The Xilinx® Versal™ adaptive compute acceleration platform (ACAP) is a fully software-programmable, heterogeneous compute platform that combines the processing system (PS) (Scalar Engines that include Arm® processors), Programmable Logic (PL) (Adaptable Engines that include the programmable logic), and AI Engines which belong in the Intelligent Engine category.
This tutorial demonstrates how to use kernels provided by the DSP Library for a filtering application, how to analyze the design results, and how to use filter parameters to optimize the design's performance using simulation. It does not take the design to a hardware implementation, however.
After completing the tutorial, you should be able to:
- Build signal processing datapath using the Vitis™ application acceleration development flow
- Evaluate the performance and resource utilization metrics of a design
- Adjust filter parameters to meet system performance requirements
This tutorial shows how to construct a simple two-stage decimation filter.
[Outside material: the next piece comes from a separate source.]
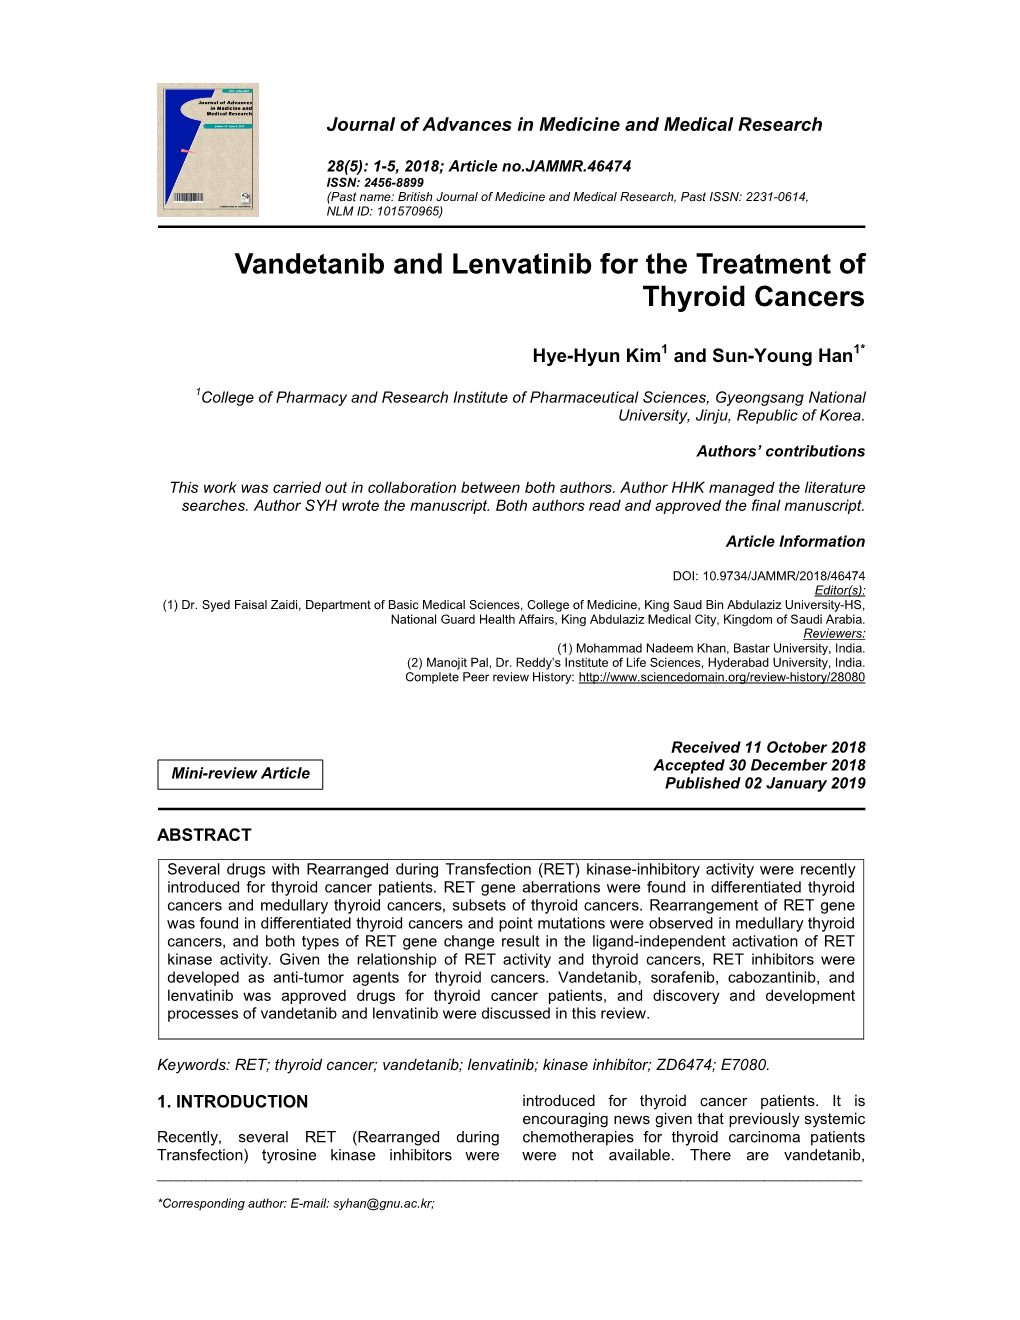 Vandetanib and Lenvatinib for the Treatment of Thyroid Cancers

This filter is not targeted at a specific real-life application, but is used to show how to use the DSP Library to construct filter chains.
- Part 1 shows how to use create an AI Engine project and instantiate a parameterized FIR filter from DSPLib
- Part 2 shows how to cascade filters together into a chain
- Part 3 shows how to optimize performance of the filter chain by tuning individual filters
dsplib_tutorial_install
├───images images for this README
├───part_1
│ ├───data
│ └───src
├───part_2
│ ├───data
│ └───src
└───part_3
├───data
└───src
Tools Documentation:
To run through this tutorial, you will need to download and install the following tools:
-
Install the Vitis Software Platform 2021.1
-
Obtain licenses for the AI Engine tools
-
Download the DSP Library
-
Download and setup the VCK190 Vitis Platform for 2021.1
When the elements of the Vitis software platform are installed, update the target platform environment script.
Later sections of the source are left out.